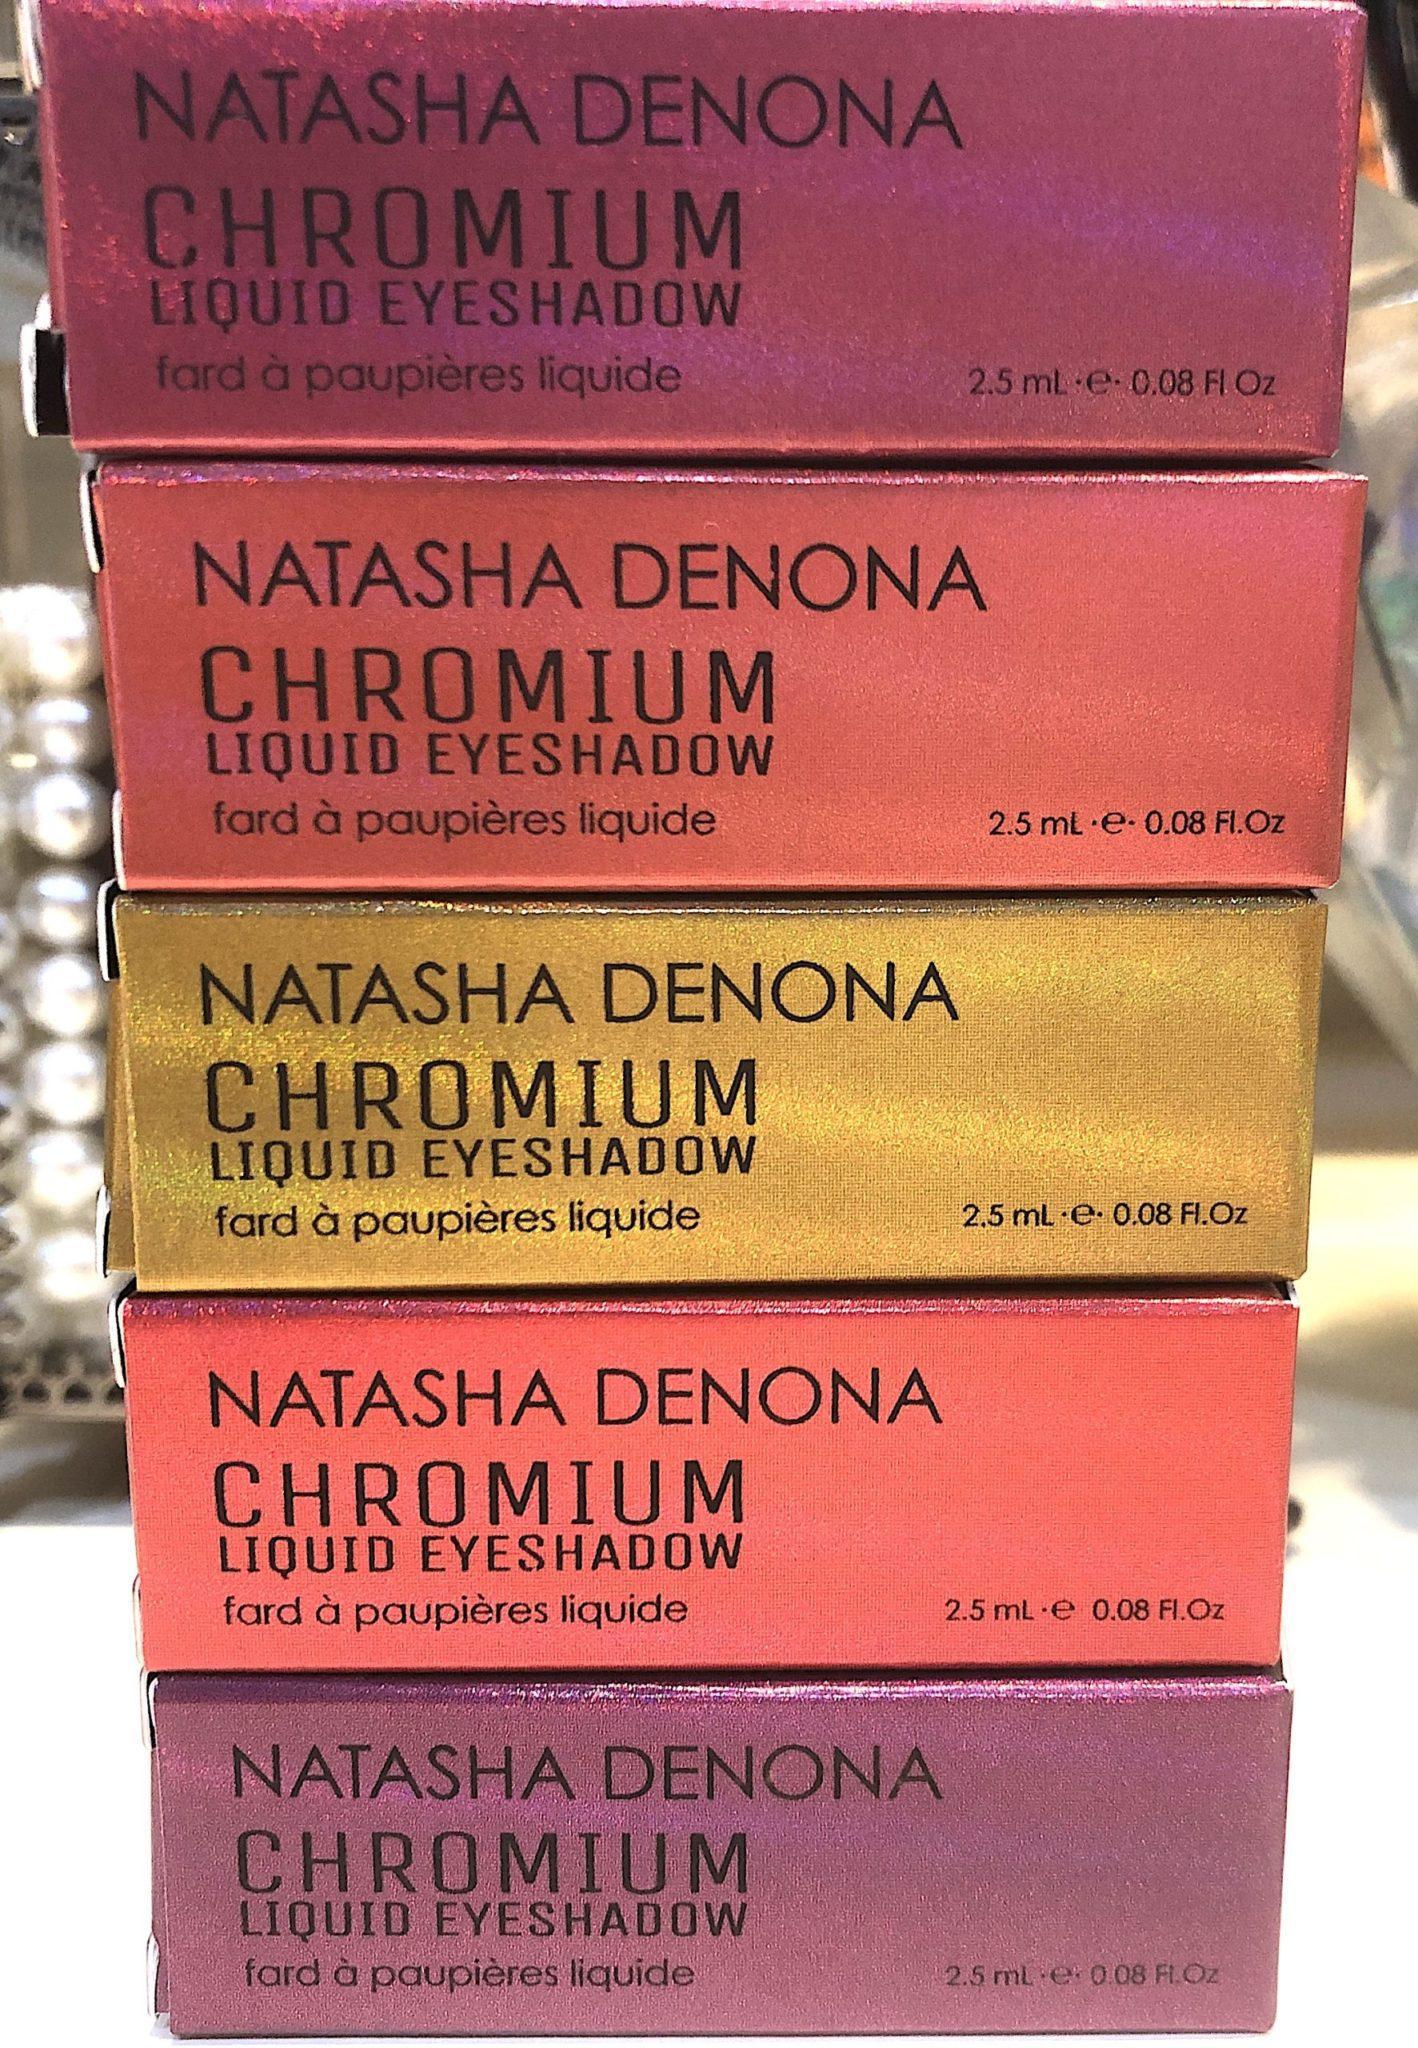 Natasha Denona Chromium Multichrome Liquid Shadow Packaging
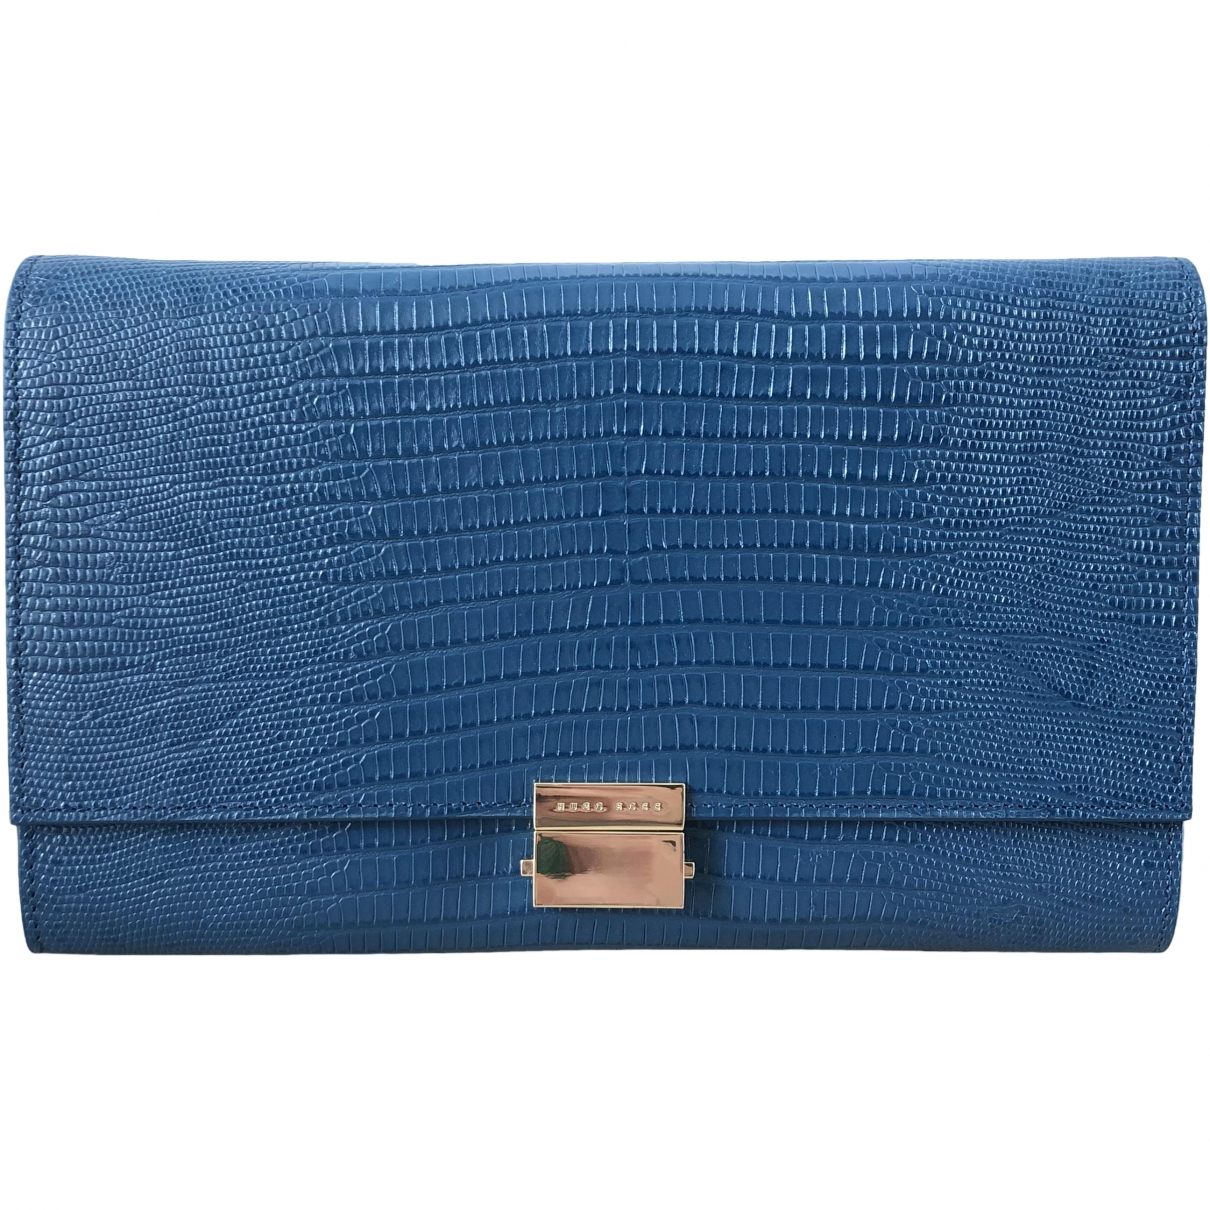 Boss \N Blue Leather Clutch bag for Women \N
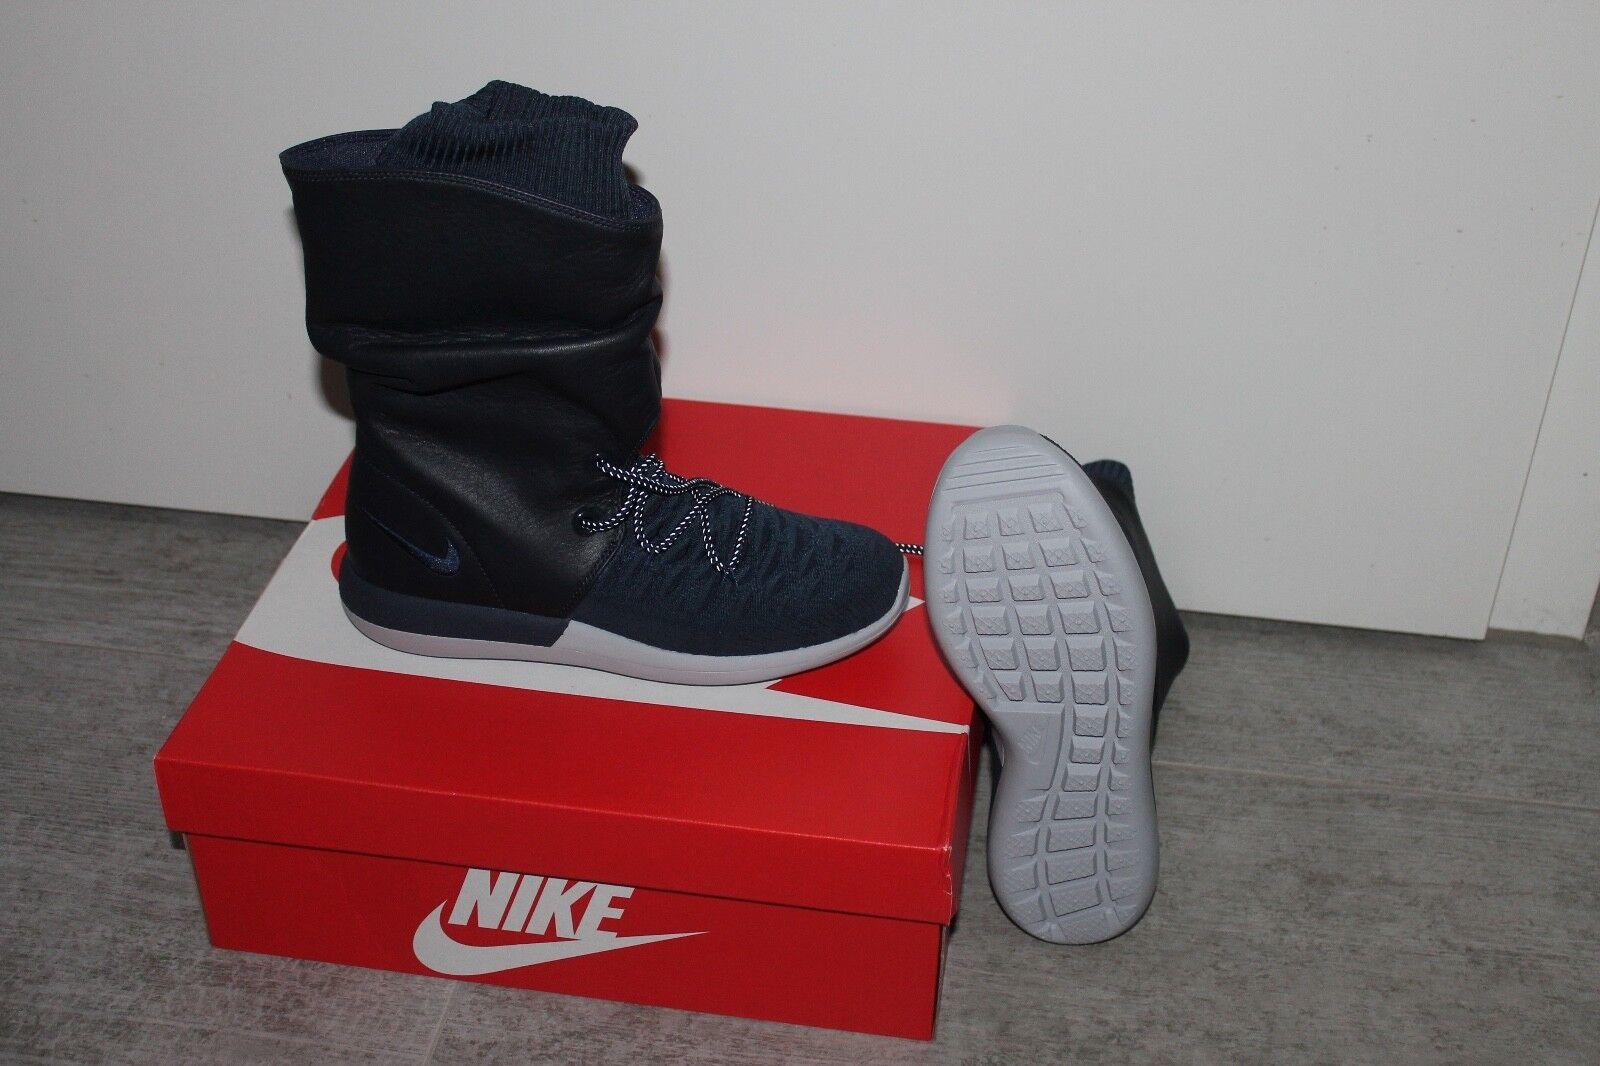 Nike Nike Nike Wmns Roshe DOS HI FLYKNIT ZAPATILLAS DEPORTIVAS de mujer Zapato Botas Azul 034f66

ACTIVITY. Write out the data above exactly, minus any images.

SOLUTION TO THIS TASK.
 Natasha Denona Chromium Multichrome Liquid Shadow Packaging
 Boss \N Blue Leather Clutch bag for Women \N
 Nike Nike Nike Wmns Roshe DOS HI FLYKNIT ZAPATILLAS DEPORTIVAS de mujer Zapato Botas Azul 034f66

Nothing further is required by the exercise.